Qu’ont-elles de particulier ? Pas grand-chose si ce n’est ce bonnet rouge avec pompon blanc sur la tête. Parfois, l’une d’elles agite une clochette, d’un geste mécanique, la mine un peu figée. Vont-elles chanter « Petit Papa Noël » en philippin ? Non, je vous rassure. Mais retournons-nous et découvrons, en face d’elles, ces quatre pantins, manteaux rouges et barbes blanches, qui, juchés au-dessus d’une fontaine, nous infligent un « jingle bells » incessant et, surtout, aux tons trop aigus. Des gremlins qui donnent envie de tout casser ou presque.
Fuyons vers les salles d’embarquement même s’il reste encore des heures à attendre. Aucune place de libre. Faire comme d’autres, s’asseoir par terre, admirer celles et ceux qui dorment à même le sol et se demander, effrayé, s’ils sont là depuis plusieurs jours. Sortir un livre, vite le refermer en regrettant de ne pas avoir emporté les boules Quiès, si précieuses à l’heure du bouclage. Car, non content de subir le lointain charivari des pères Noël, il faut aussi encaisser les annonces automatisées qui tournent en boucle. Exemple : cela doit bien faire vingt fois qu’une dame invisible nous avertit qu’elle lance le dernier appel à destination de Calcutta et que les retardataires sont priés de se présenter immédiatement à l’embarquement. Parfois, c’est un agent au sol qui prend lui-même le micro pour avertir un certain monsieur Mahmoud que l’avion pour Chittagong va décoller sans lui s’il n’apparaît pas immédiatement.
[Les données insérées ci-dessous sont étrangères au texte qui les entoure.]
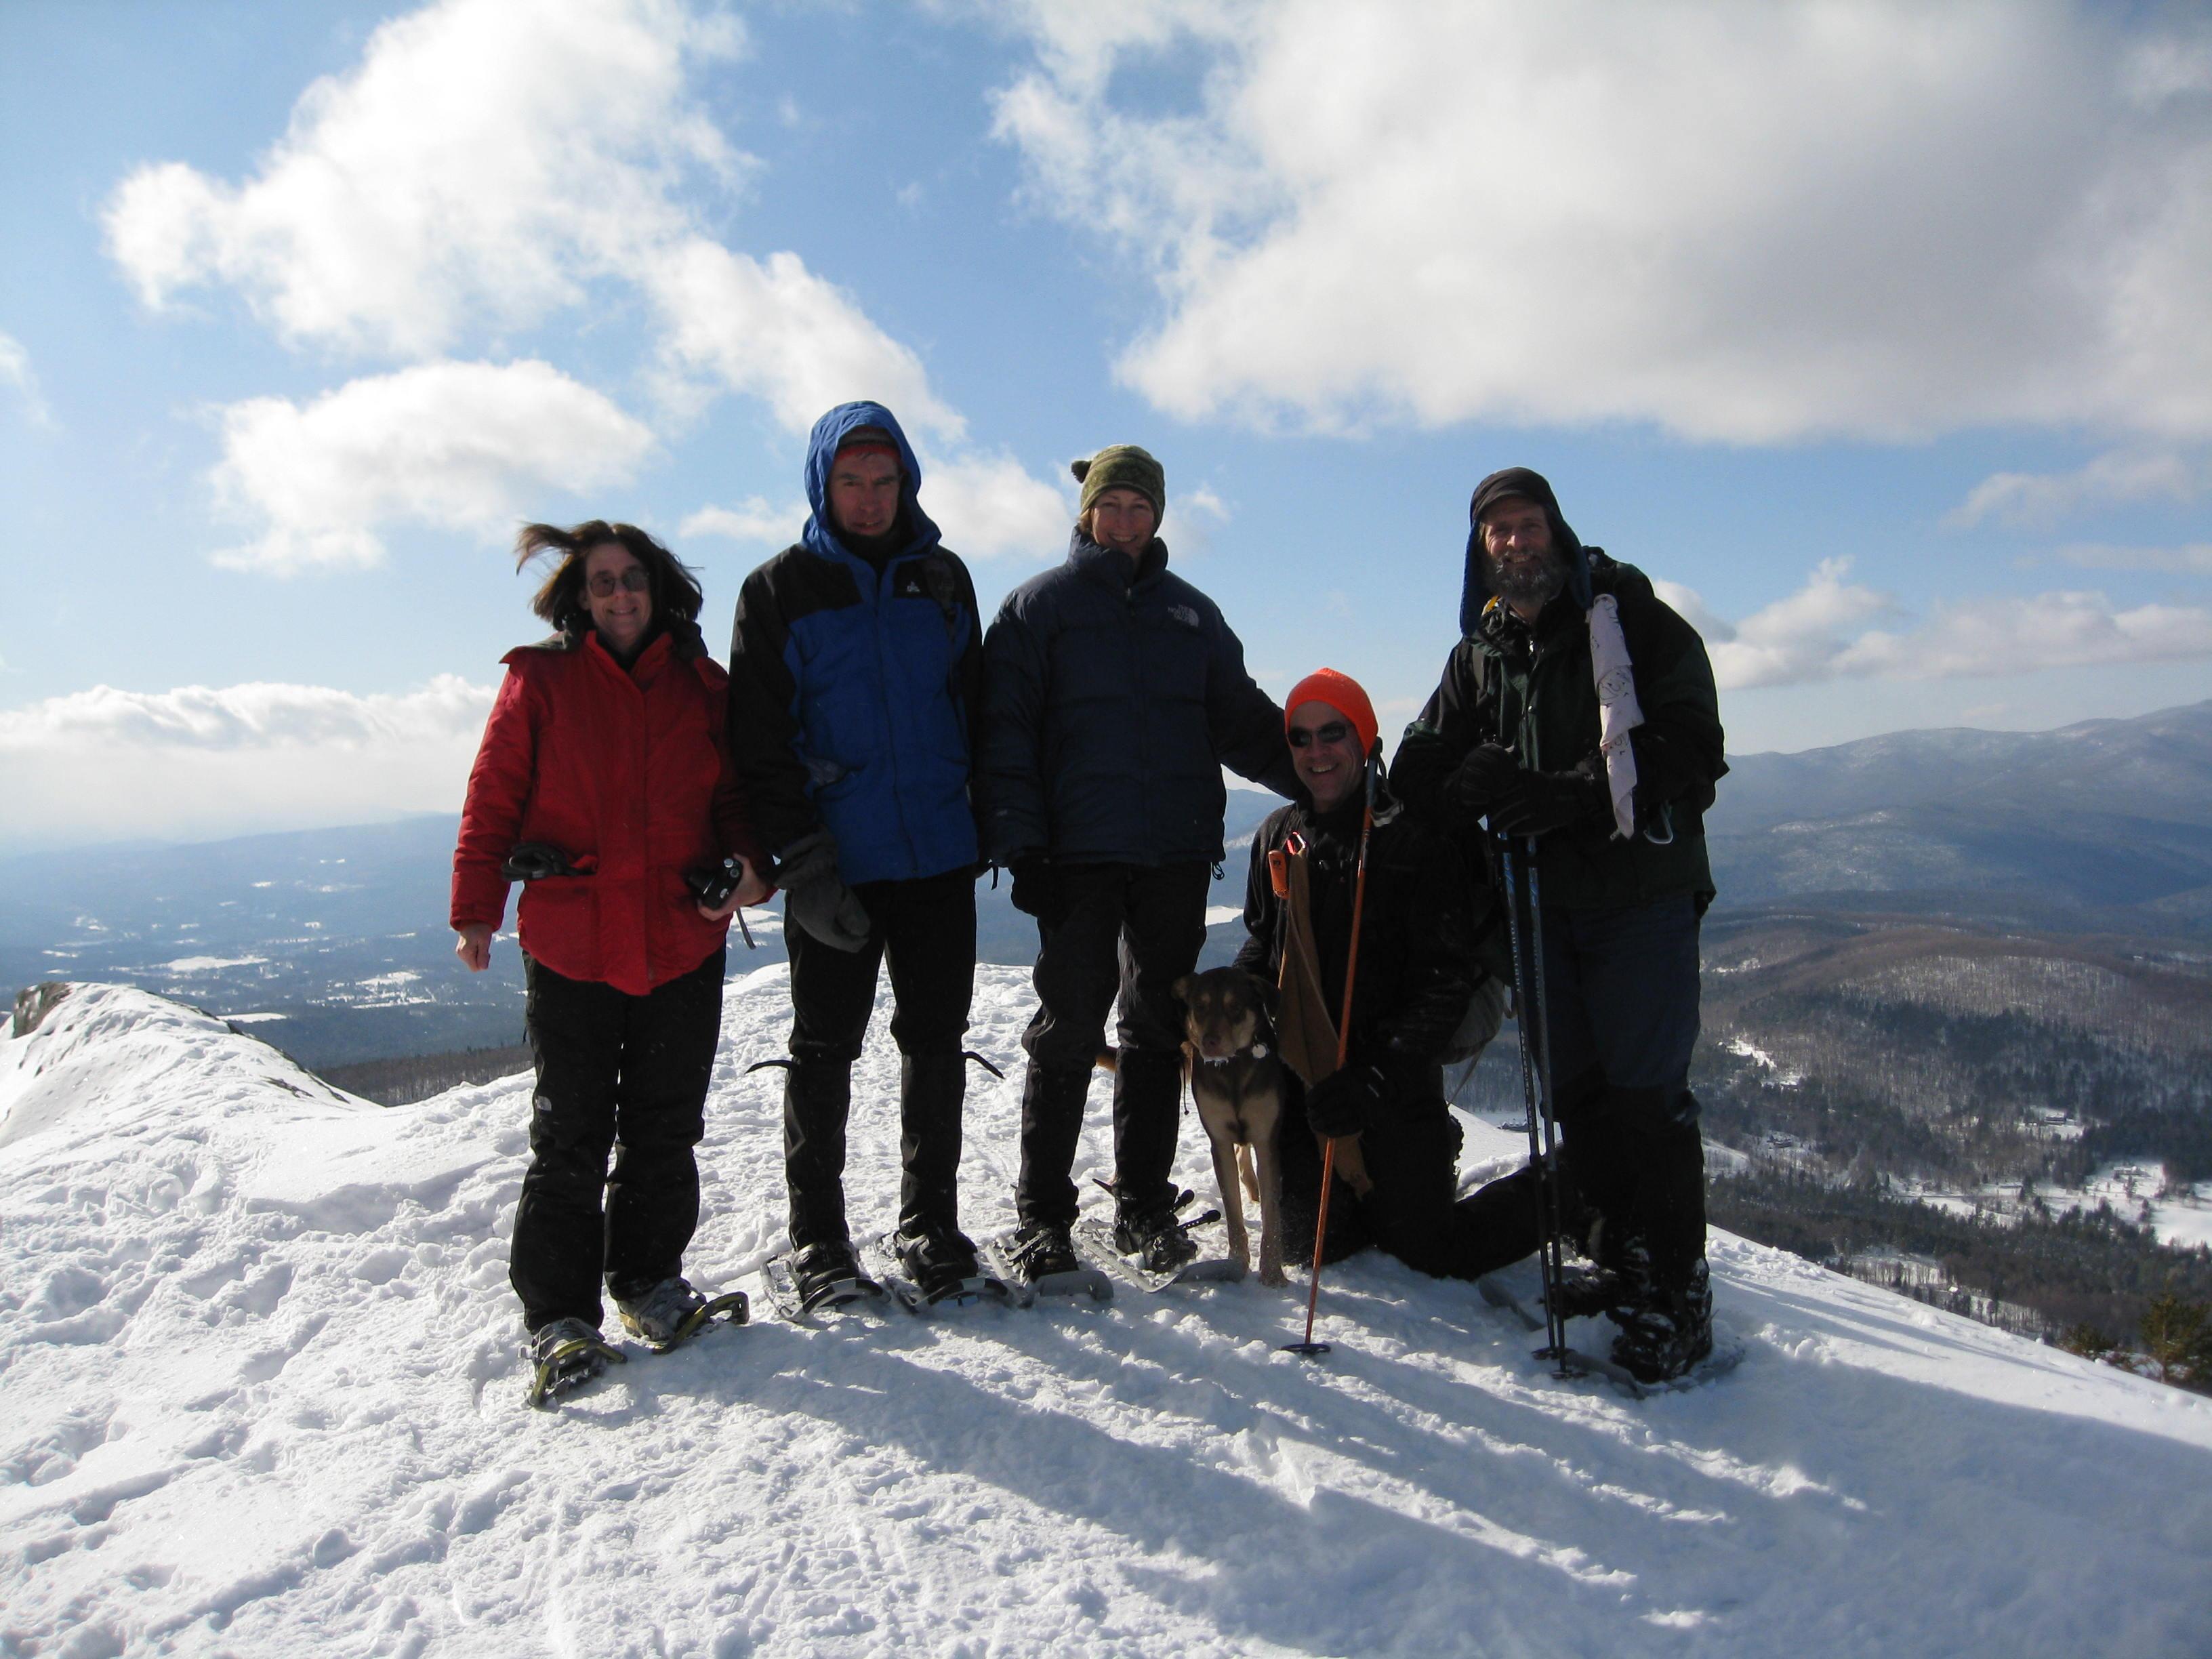 suzanne-daningburgs-stowe-pinnacle-hike-of-1-31-2009

Un bon quart d’heure et dix annonces plus tard, l’intéressé, en dishdasha immaculée et portable vissé à l’oreille, arrive sans se presser et embarque en souriant. Et c’est maintenant le tour de monsieur Ling, qui va à Khartoum, d’être appelé pour la énième fois tandis que la dame invisible, qu’on espérait devenue muette, reprend ses appels pour le vol de Calcutta. Il est tard, et, dans ce vacarme permanent, sans même plus savoir l’heure qu’il est et si l’on est encore hier ou déjà demain, on réalise qu’attendre un vol en provenance de Budapest a finalement du bon…
Savoureusement évocateur et bien écrit..
Je l’ai dégusté en réécoutant "Atom Heart Mother" une viellie breloque de quand j’étais ado.
Quand le monde n’était pas encore mondial.
Quand le fric restait encore un peu à sa vile place. Quand on avait encore le temps de le prendre.
C’était encore le temps où l’ado Sarcoco prenait des rateaux dans les boums, auprès des meufs de son bahut.
Et depuis lors, y’a trop d’avions qui ont décollé, trop d’avions qui ont atterri. Trop de morts misérables pour de mauvaises raisons. Et trop de goulus avides de leur propre gavage.
Demain, promis, j’invoquerai plutôt Miles Davis. Et ça vaudra bien d’autres voyages.